The medicine is a preparation containing lettucoside B.

The preparation is made from raptucoside B alone or from raptucoside B and a pharmaceutically acceptable carrier.

The preparation is tablet, capsule, pill, oral liquid, granule or injection, and the tablet is common tablet or sublingual tablet.

The pharmaceutically acceptable carrier refers to a conventional drug carrier in the pharmaceutical field, selected from fillers, binders, disintegrants, lubricants, solubilizers, suspending agents, wetting agents, pigments, essences, solvents, One or more of surfactants or flavoring agents.

The filler is selected from starch, pregelatinized starch, dextrin, glucose, sucrose, lactose, lactitol, microcrystalline cellulose, mannitol, sorbitol or xylitol, preferably sorbitol, microcrystalline cellulose, lactose or pregelatinized starch;

The disintegrating agent is selected from cross-linked carmellose sodium, cross-linked povidone, low-substituted hydroxypropyl cellulose, sodium carboxymethyl starch or starch, preferably cross-linked povidone, low-substituted hydroxypropyl Cellulose or sodium carboxymethyl starch;

Described lubricant is selected from magnesium stearate, talcum powder, micropowder silica gel, PEG4000, PEG6000 or sodium lauryl sulfate, preferably magnesium stearate, talcum powder;

The binder is selected from sodium carboxymethyl cellulose, hydroxypropyl methyl cellulose, ethyl cellulose, povidone, starch slurry, sucrose, powdered sugar, mucilage, gelatin or polyethylene glycol, preferably hydroxyl Propylmethylcellulose, povidone;

The solubilizer is selected from sodium hydroxide, potassium hydroxide, sodium bicarbonate, meglumine, L-lysine or L-arginine, preferably sodium hydroxide, meglumine;

The suspending agent is selected from micropowder silica gel, beeswax, cellulose or solid polyethylene glycol;

The wetting agent is selected from glycerin, Tween-80, ethoxylated hydrogenated castor oil or lecithin;

The solvent is selected from ethanol, liquid polyethylene glycol, isopropanol, Tween-80, glycerin, propylene glycol or vegetable oil, and the vegetable oil is selected from soybean oil, castor oil, peanut oil, blended oil, etc.;

The surfactant is selected from sodium dodecylbenzenesulfonate, stearic acid, polyoxyethylene-polyoxypropylene copolymer, fatty acid sorbitan or polysorbate (Tween), etc.;

The flavoring agent is selected from aspartame, sucralose, essence, stevia, acesulfame potassium, citric acid or sodium saccharin.

The new application of the lettucoside provided by the invention has the following advantages:

1. The present invention provides a new application of Lactucoside B, which is used for the prevention and treatment of depression, and brings new drug options for patients with depression;

2. The drug has remarkable effect and no side effects;

3. Good water solubility, easy to transform into clinical drugs, and has good application prospects;

4. The experimental results suggest that: Lactucoside B can increase the weight of depressed mice, increase their exercise performance, prolong their swimming time, and improve their preference for sucrose water.
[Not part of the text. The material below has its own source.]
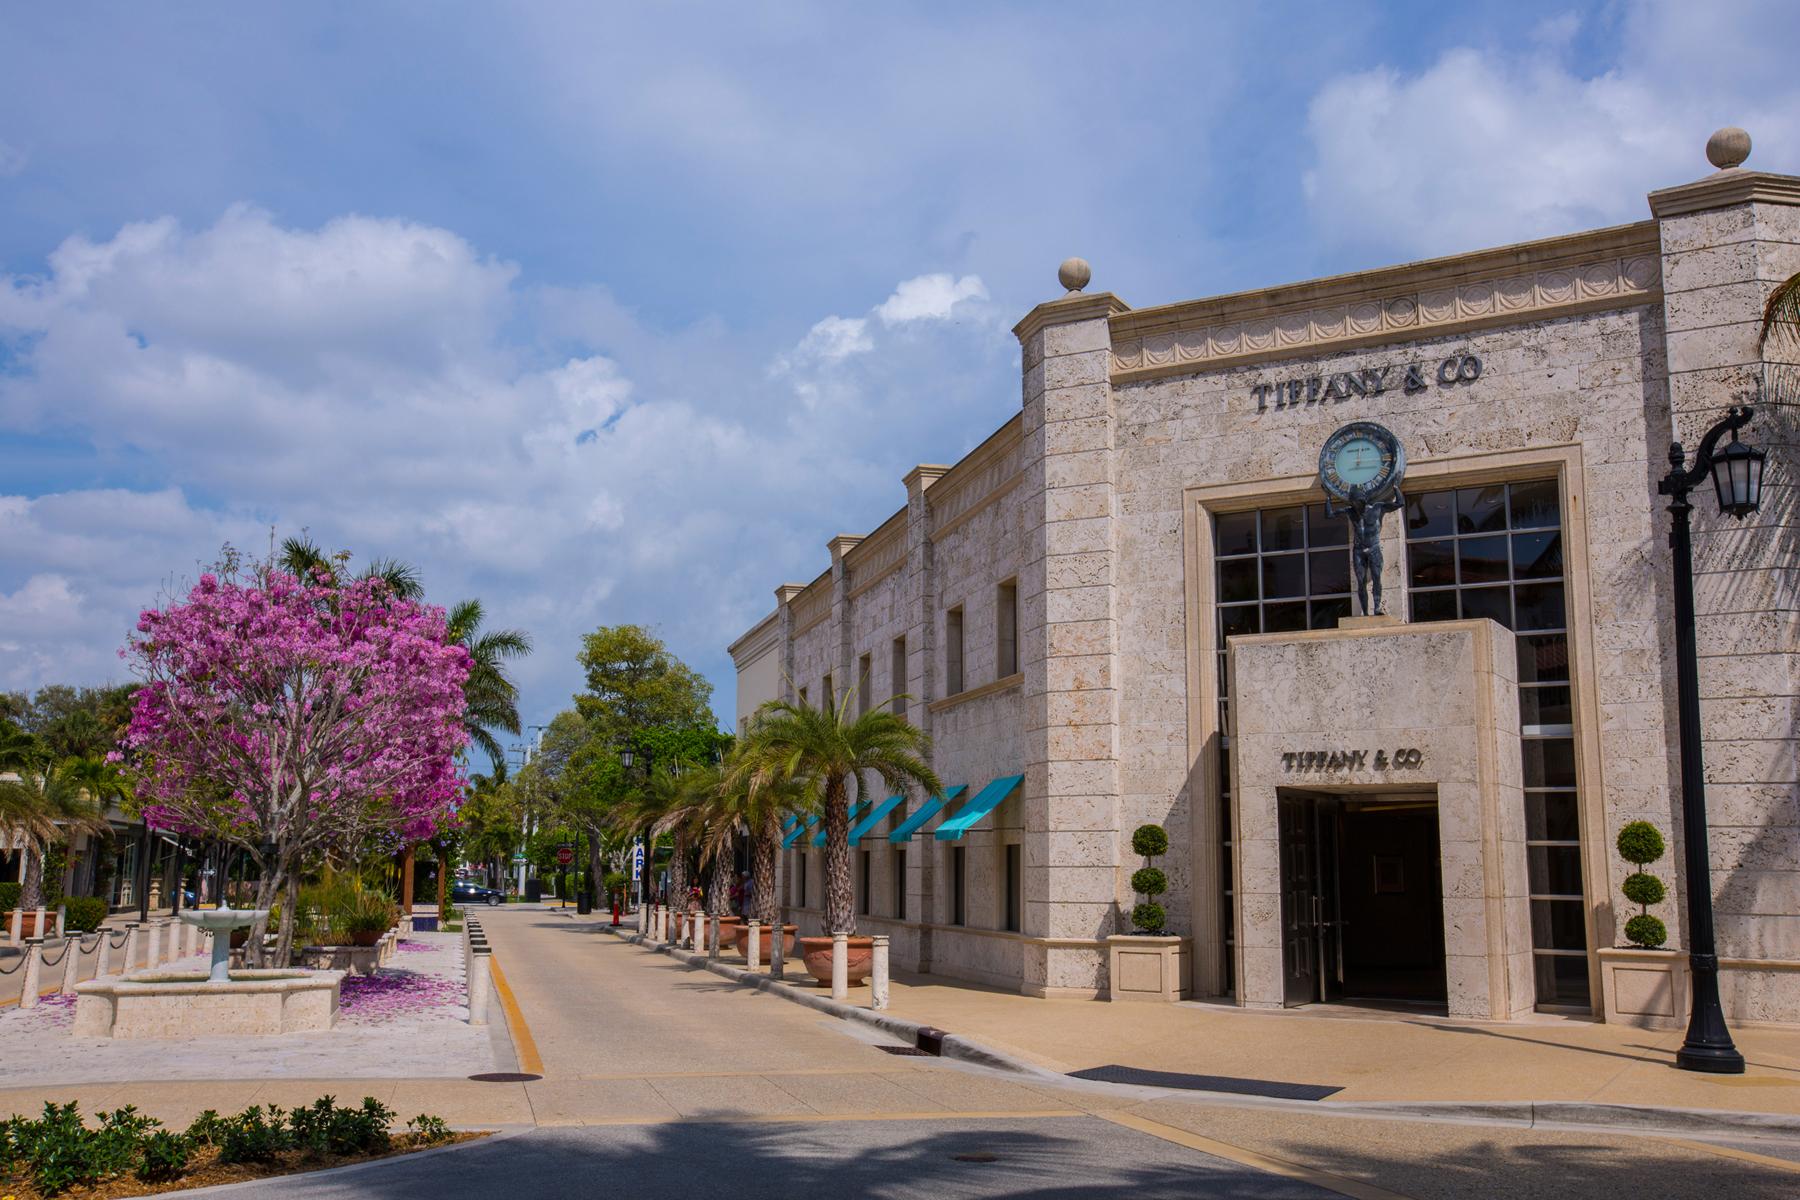 Guia-FFW-Florida-Palm-Beach-Palm-Beach-Worth-Avenue
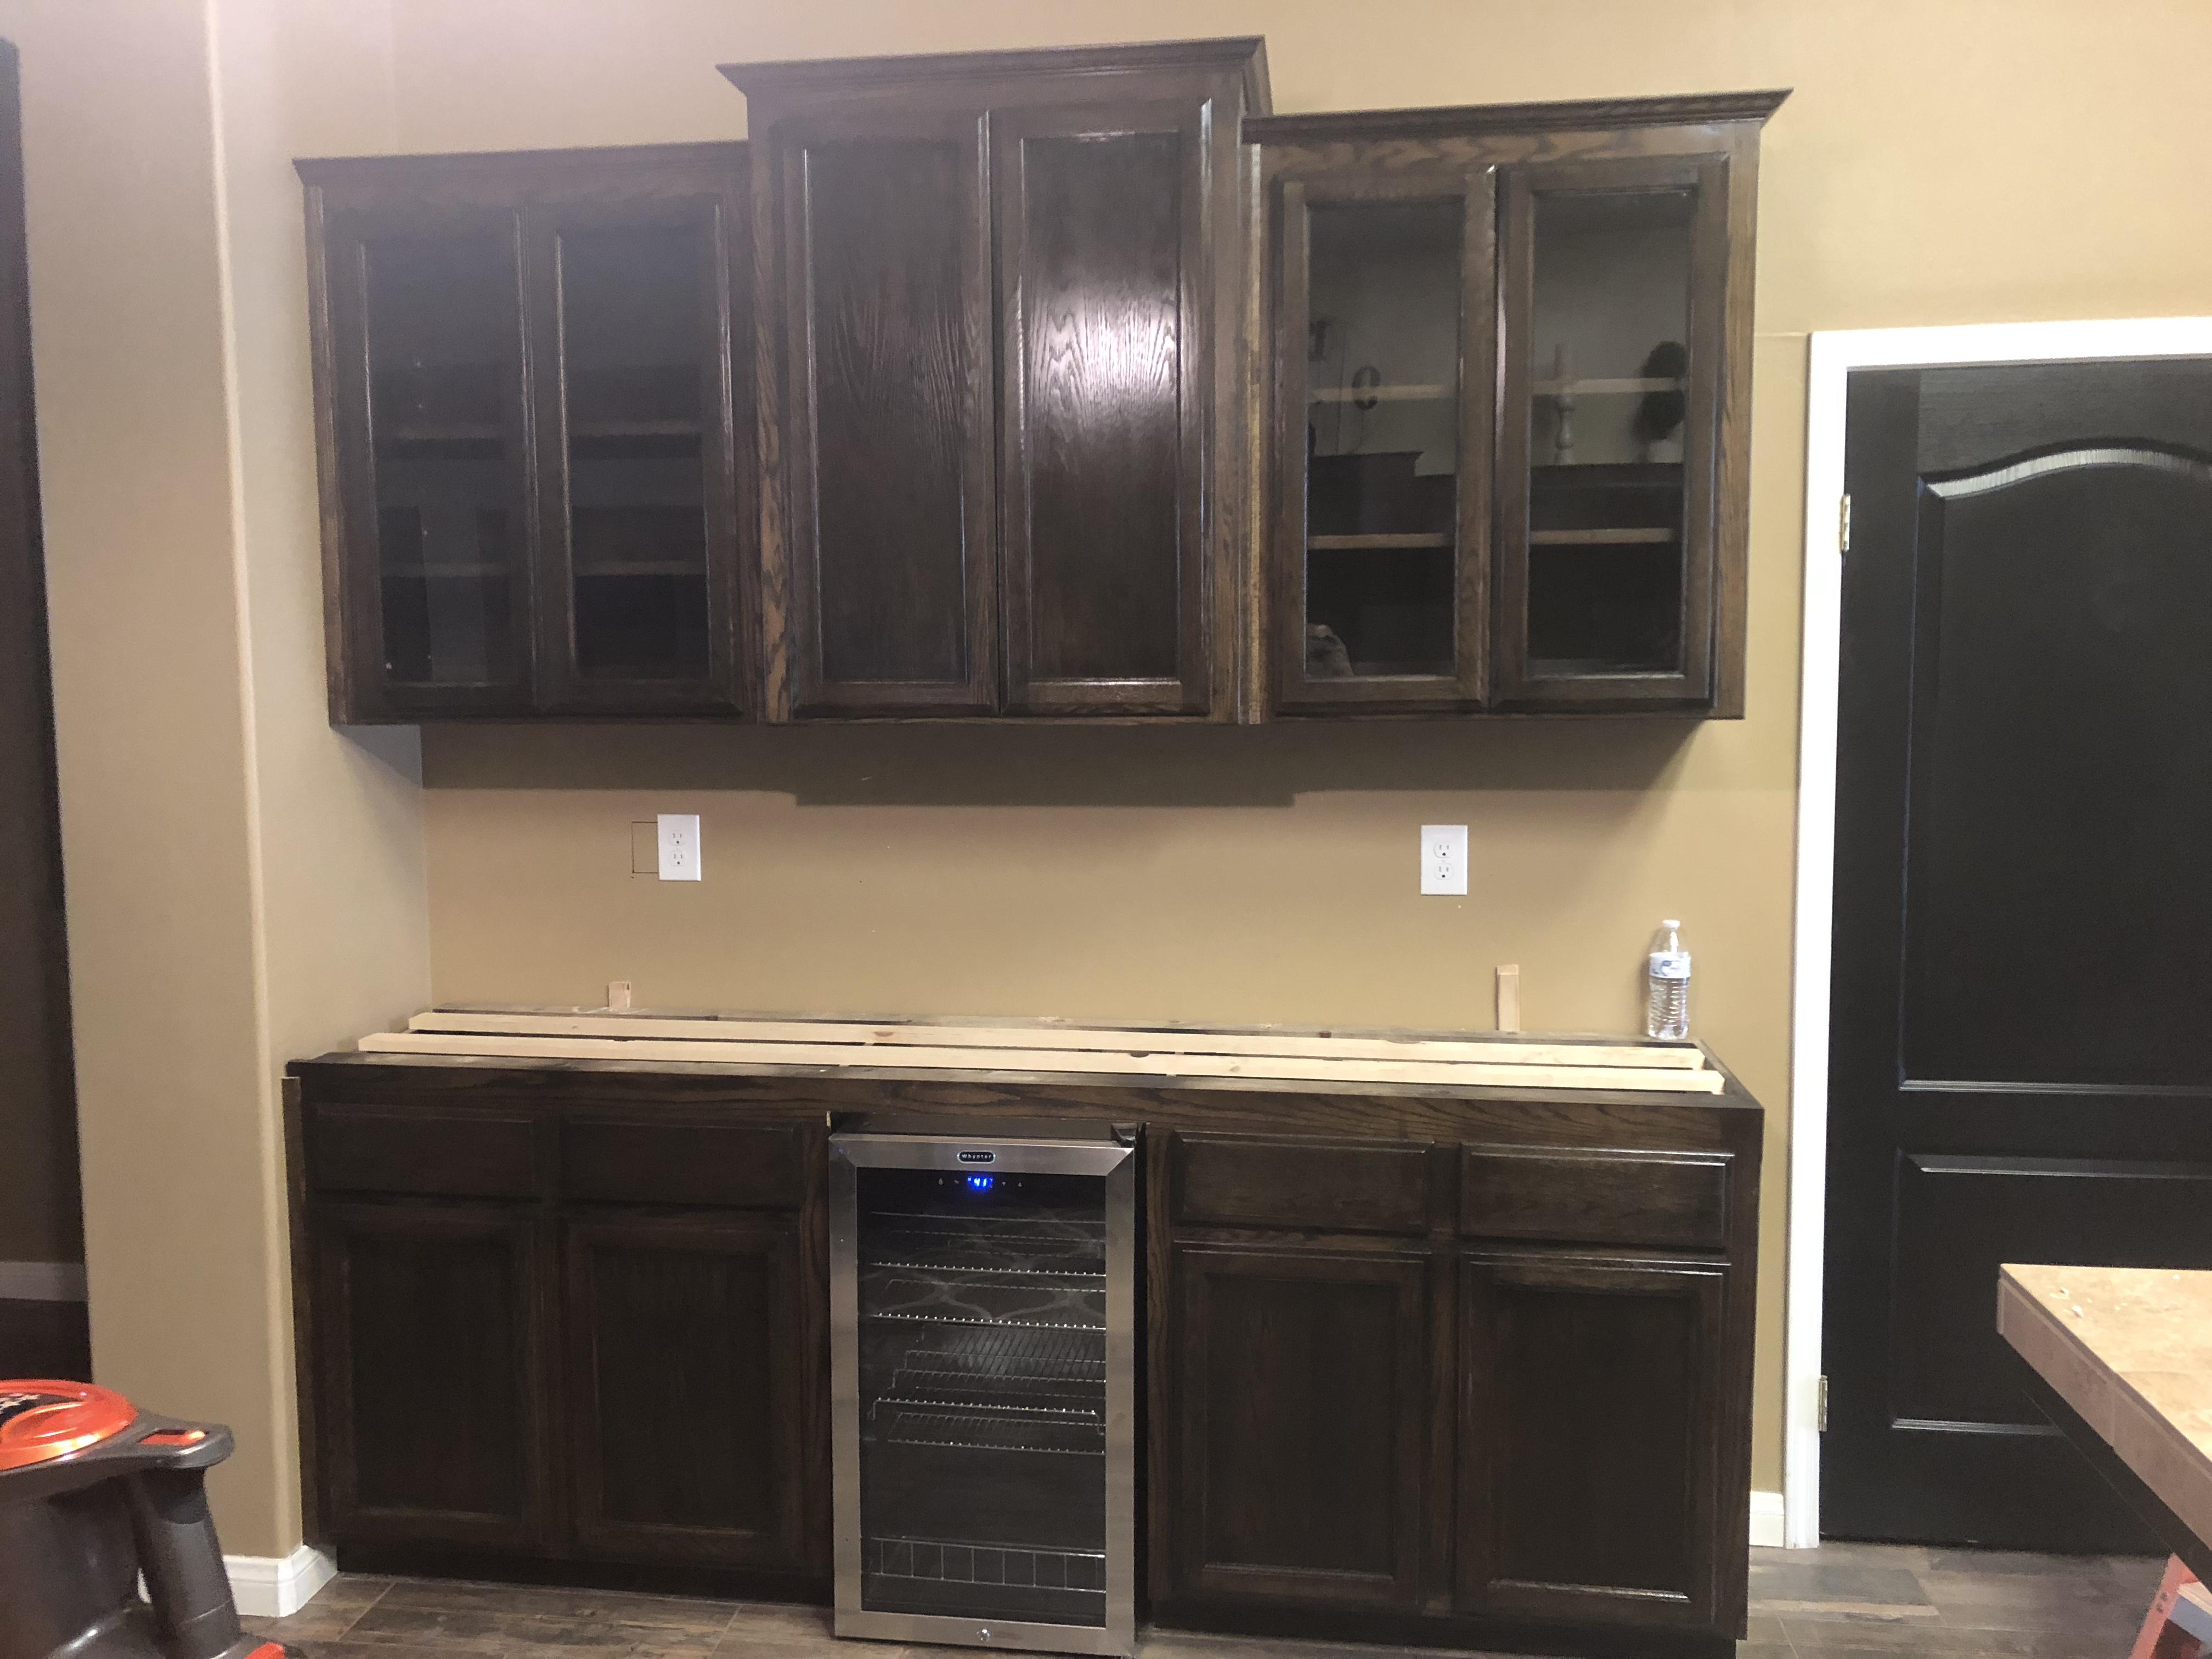 Oscar S Cabinets 217 Mount Vernon Suite 20 Bakersfield Ca 93307 Yp

The above effects are dose-dependent, and their effects are related to Fluoxetine, an antidepressant commonly used in clinical practice, has similar effects, suggesting that Lactucoside B has a therapeutic effect on depression; preventive use of Lactucoside B can significantly reduce the mortality of depressed mice, increase their body weight and exercise performance, and prolong animal life. Swimming time, suggesting that lettucoside B has a better preventive effect on depression.

The results show that: Lactuca glycoside B has obvious preventive and therapeutic effects on mental depression induced by various reasons.

Detailed ways

The following examples are used to illustrate the present invention, but are not intended to limit the scope of the present invention.

Example 1: Therapeutic Effect of Lactucoside B on Depression in Mice

1. Experimental animals: 80 male Kunming mice, weighing 20-22 g, were purchased from the Experimental Animal Center of Zhengzhou University.

2. Experimental reagents and instruments:

Lactucoside B (prepared by Xinxiang Medical College School of Pharmacy, purity greater than 95%), fluoxetine hydrochloride (Eli Lilly Suzhou Pharmaceutical Co., Ltd.), swimming pool, Open·Field open box.

3. Experimental grouping and experimental methods:

Before the experiment, 80 mice were adaptively fed for 1 week with 12 hours of light and 12 hours of no light, and then 10 mice were randomly selected as the normal control group: they were divided into two cages and raised in groups, with 5 mice in each cage. Feed and drinking water were given normally according to the needs, and no stimulation was accepted. The remaining mice were modeled according to the following method. After 21 days, 50 mice successfully modeled were selected and randomly divided into 5 groups, 10 mice in each group.

Mice were housed in a single cage and received seven different chronic stress stimuli at the same time. Including: overnight lighting deprivation of sleep environment, fasting (24h), water deprivation (24h), ice water swimming (4°C, 5min), hot water swimming (40°C, 5min), tail pinch (2min), tail suspension (3min) ). One kind of stimulus was randomly arranged every day, and the same kind of stimulus appeared discontinuously. In the 28 days of the experiment, each kind of stimulus was used 4 times on average, so that the mice could not predict the upcoming stimulus. Mice that were successfully modeled at 21 days after stimulation were divided into the following 5 groups:

Depression group (model group): within 28 days of the experiment, the mice in this group were fed in single cages and received various chronic stress stimuli. After 21 days, 0.1ml/10g of normal saline was injected intraperitoneally at 8:00 a.m. every day. Injected for 7 days.

Fluoxetine hydrochloride group (positive control group): the feeding environment and stimulation methods were the same as those of the depression group, and 0.5ml of the drug dissolved in double distilled water was administered orally at 8:00 a.m. every day at 35 μg/10g for 7 consecutive days;

Lactucoside B low-dose group: the feeding environment and stimulation methods were the same as those of the depression group. After 21 days, at 8:00 a.m., 12.5 μg/10 g intraperitoneally injected 0.5 ml of Lactucoside B dissolved in double distilled water for 7 consecutive days;

Rapunzel B medium dose group: the feeding environment and stimulation methods were the same as those of the depression group. After 21 days, at 8:00 am every day, 25 μg/10 g intraperitoneally injected 0.5 ml of lettucoin B dissolved in sterilized double distilled water for 7 consecutive days;

Lactucoside B high-dose group: The feeding environment and stimulation methods were the same as those of the depression group. After 21 days, 0.5ml of the drug dissolved in sterilized double-distilled water was injected intraperitoneally at 8:00 a.m. at 50μg/10g for 7 consecutive days.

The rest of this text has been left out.